Saturday, July 27, 2013

Oatmeal

An unusually cool summer morning with the deck thermometer still sound asleep at 48 degrees. Even kinda chilly for this lover of cold weather!  Still, the sun is peeping through this early part of the day and the breeze is gentle.  A beautiful morning on the front porch.

Recently at the housing clinic, I met with a client who had brought her young daughter to help her understand all the papers. After carefully walking them through the eviction process, I began making calls to set-up appointments for them with emergency housing agencies when I saw the daughter looking at the small grouping of fruit I had brought with me. Still chatting with United Way, I reached across and nudged the fruit her way. She took an apple, brushed it a couple times between her hands, gave it to her mom then sat back in her chair smiling as her mom took a bite. I picked up the clementines, handed them to the daughter then refocused on the call. When I turned back the small orange peels were piled carefully together, holding the barely-there core of an apple. 

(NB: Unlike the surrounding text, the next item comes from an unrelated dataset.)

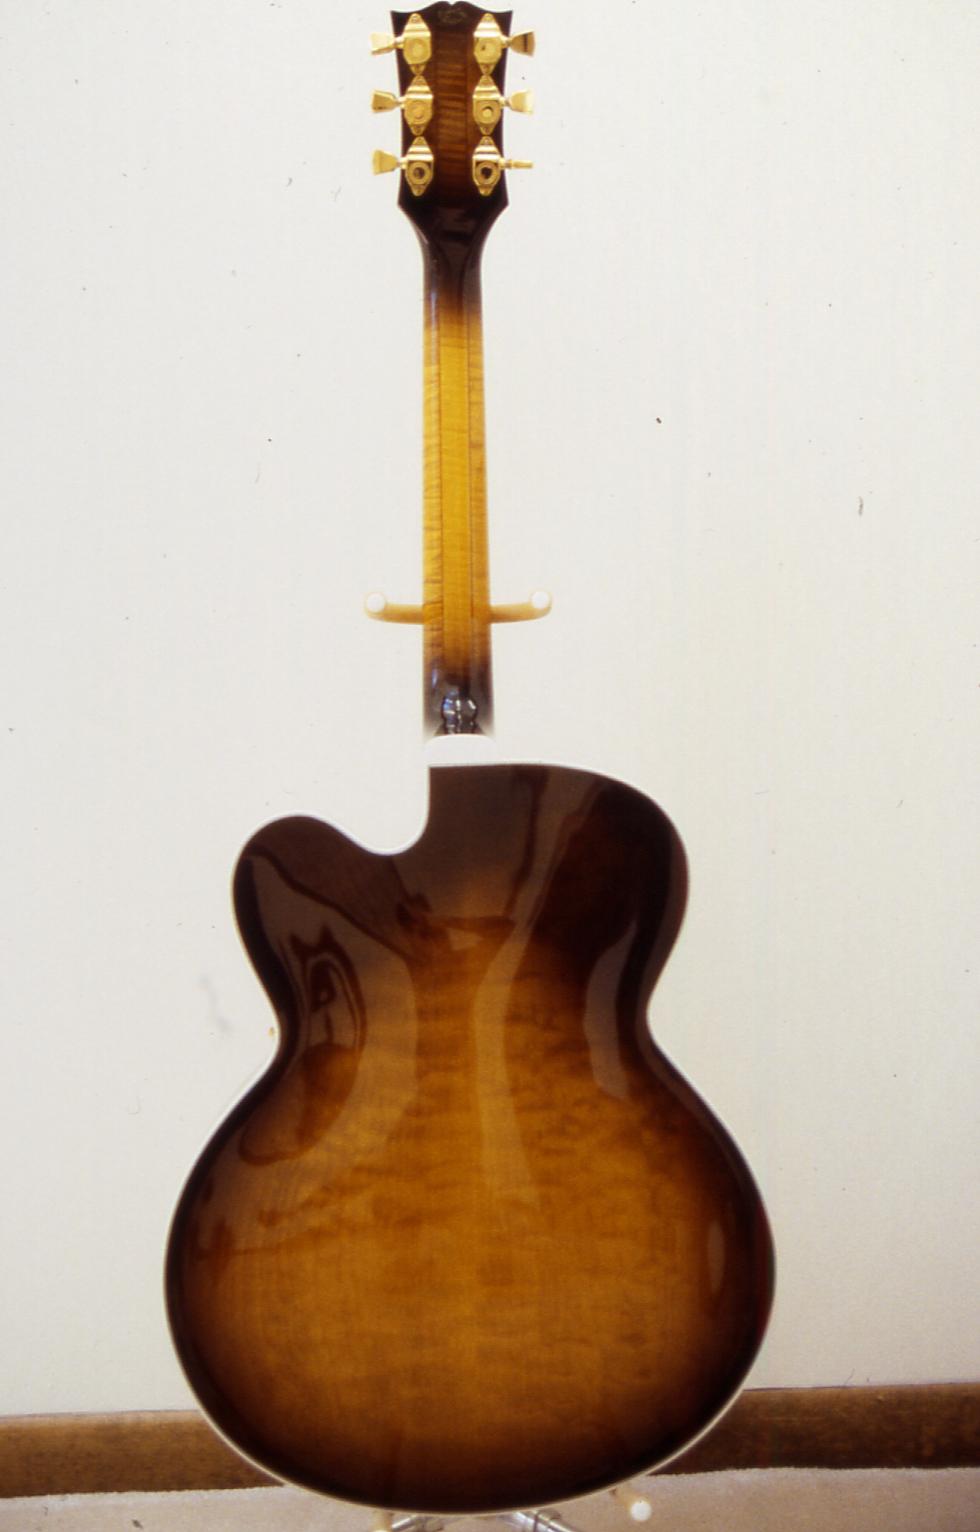 Your Gibson L-5 Choice-l-5c-1987-rear-jpg

I probably edged an ethic violation by giving a client some of my food. I don't want to know the answer to that unasked question. 

I was that daughter. 

Being a kid you learn to adapt to your world. Kids are amazing that way.

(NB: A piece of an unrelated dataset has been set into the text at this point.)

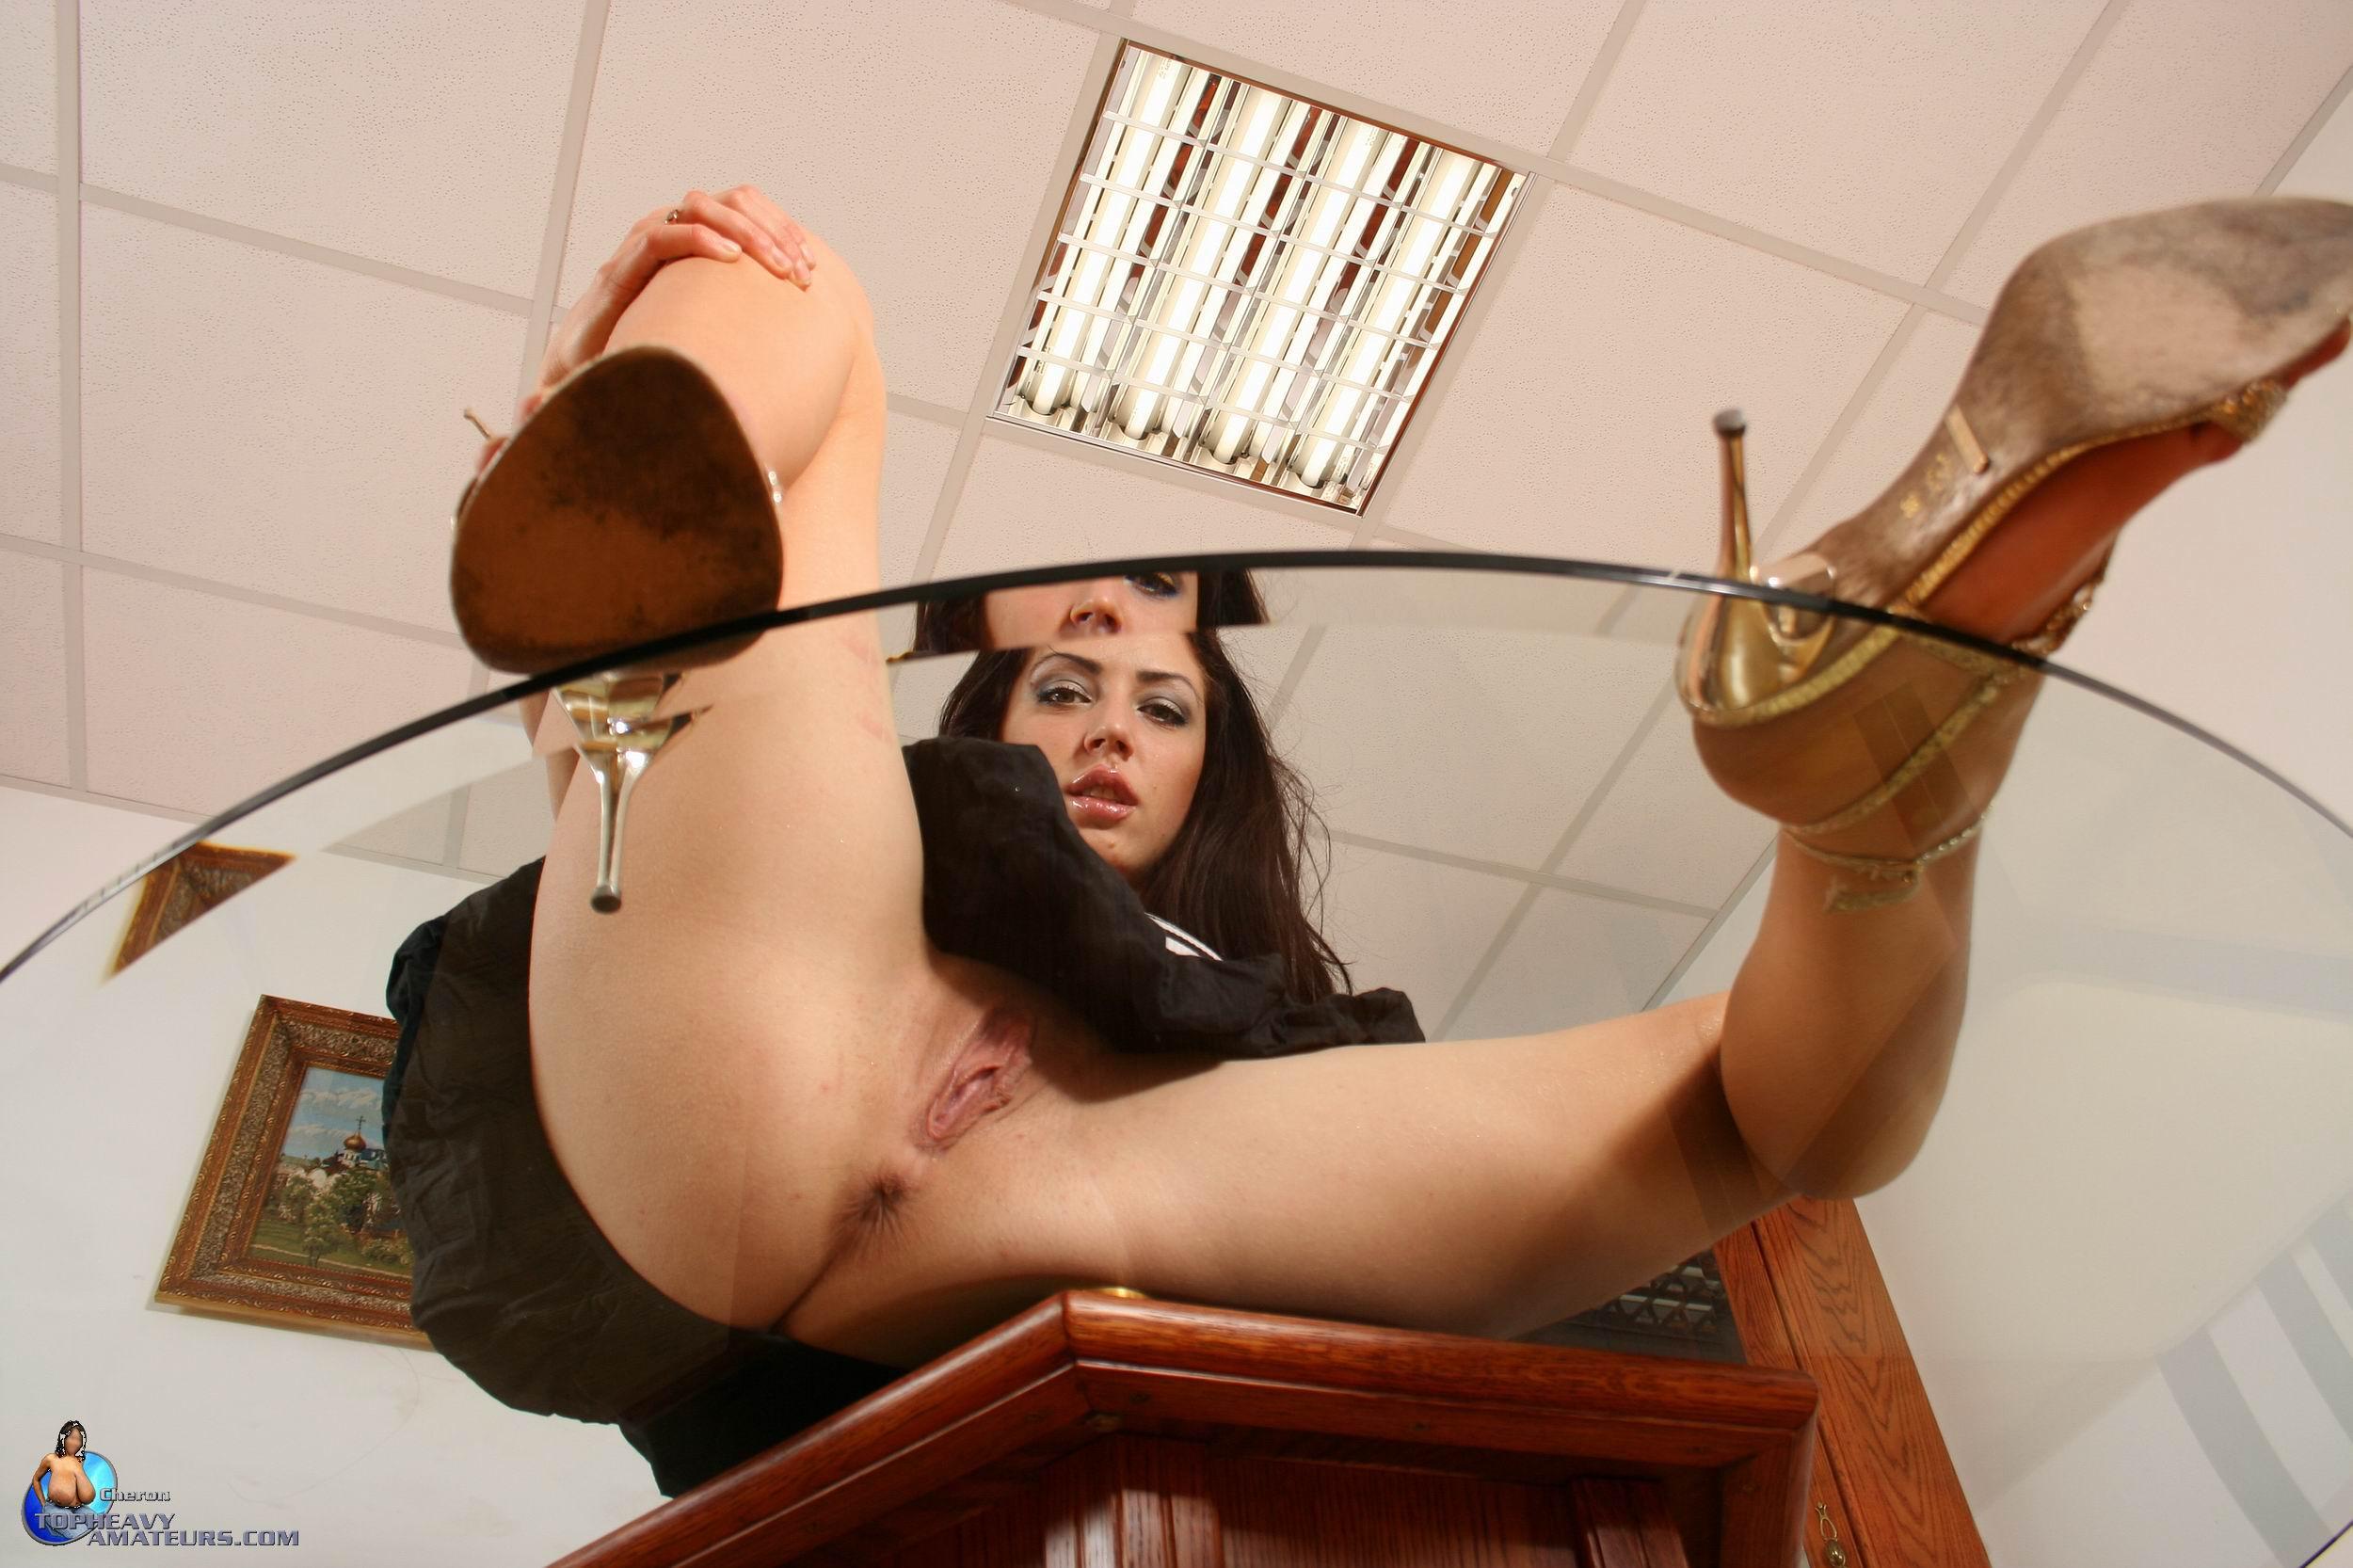 My Boob Site Big Tits Blog » Blog Archive » Big Tits on Glass ...

When faced with empty cupboards, refrigerators, and pocketbooks when we were hungry, I had one ally: Oatmeal. I would reach for that big box of oatmeal, plainly lettered, no Quaker man on the front, no sugared flavors in the mix. Cheap, filling. Even when out of powdered milk, sugar and karo syrup it seemed we always had cinnamon. A huge tin of cinnamon.

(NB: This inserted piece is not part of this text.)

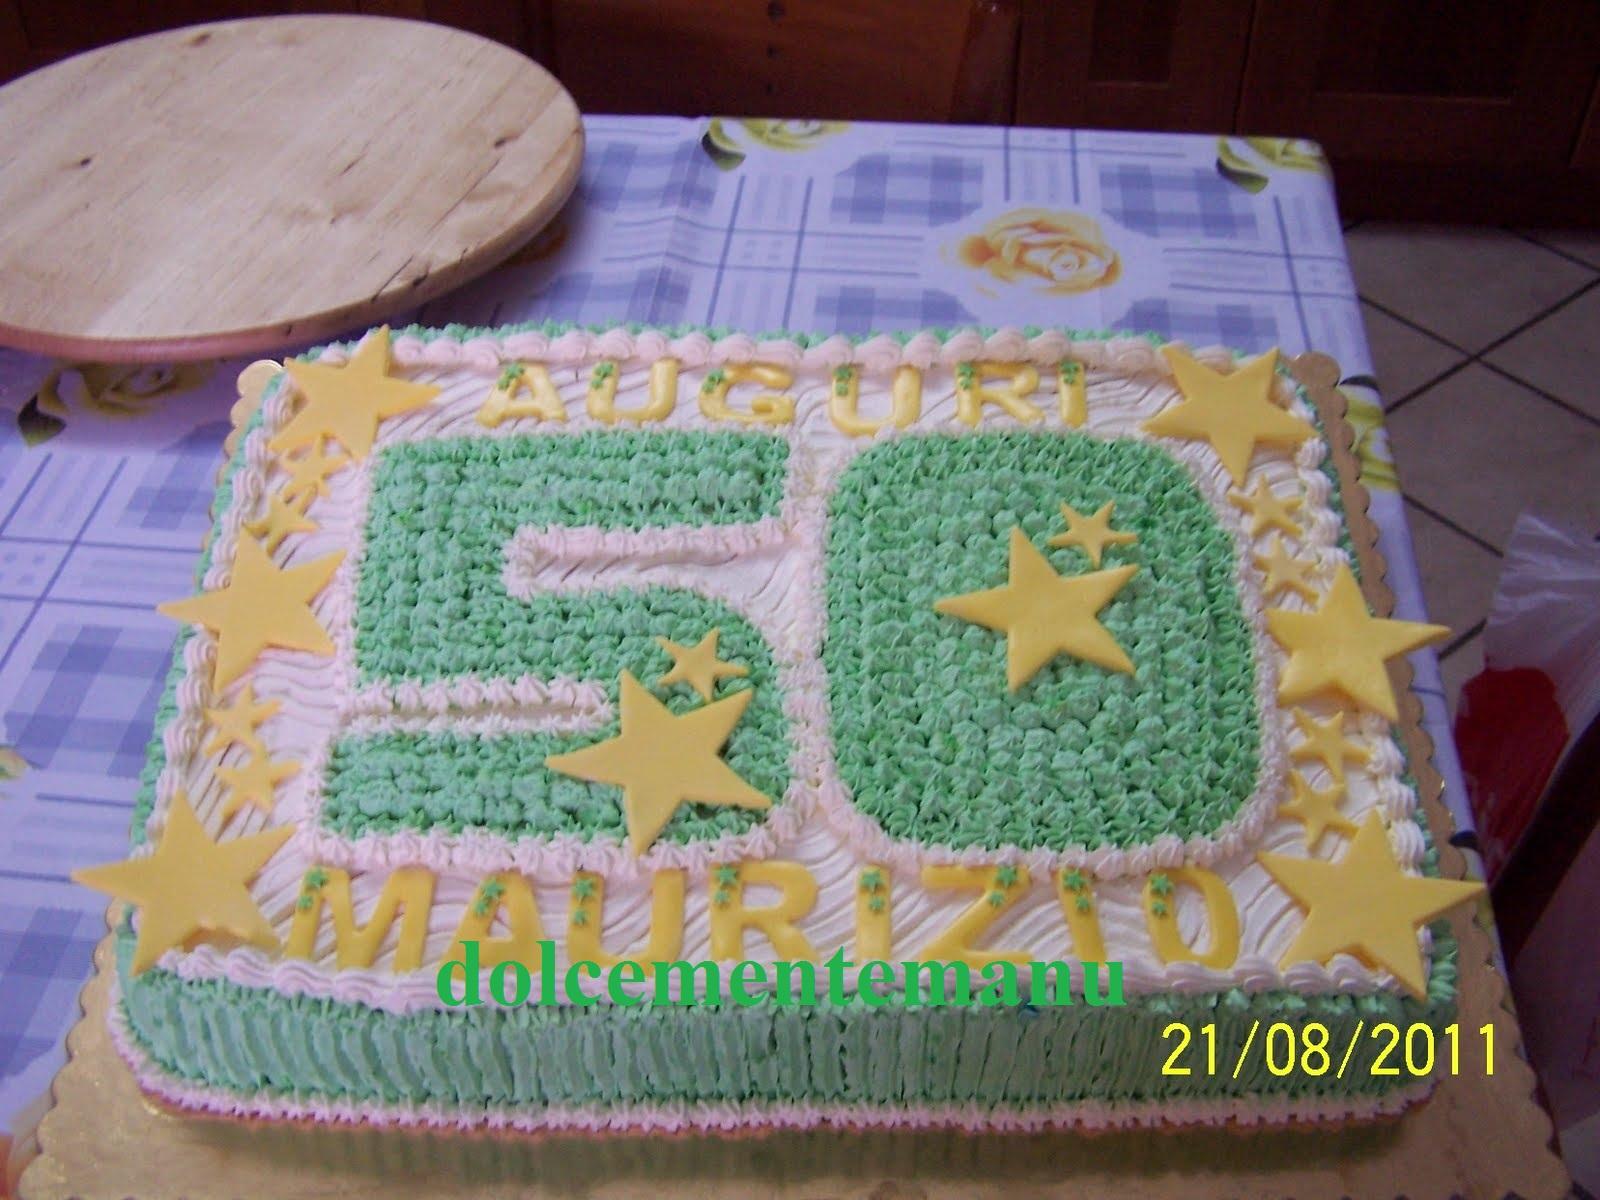 Molto dolcementemanu: torta x 50 anni !!! HR88

When I need a reminder of how far I have come in life...a gentle nudge back to the reality of how blessed I am to have a job, have the capacity to love other beings and the gift of living a whole 'nother day in front of me, I reach for those long-cooking steel cut oats. Enjoying the rhythm in the stirring, the spooning of creaminess into a bowl and the scent of cinnamon from a tin.

Plain. Simple.

Comforting.

Nothing better this morning to go with my cup of coffee. 

At least, that's my 2 ¢.







1 comment:

Kali said...

Your oatmeal is my rice. We all have our staples.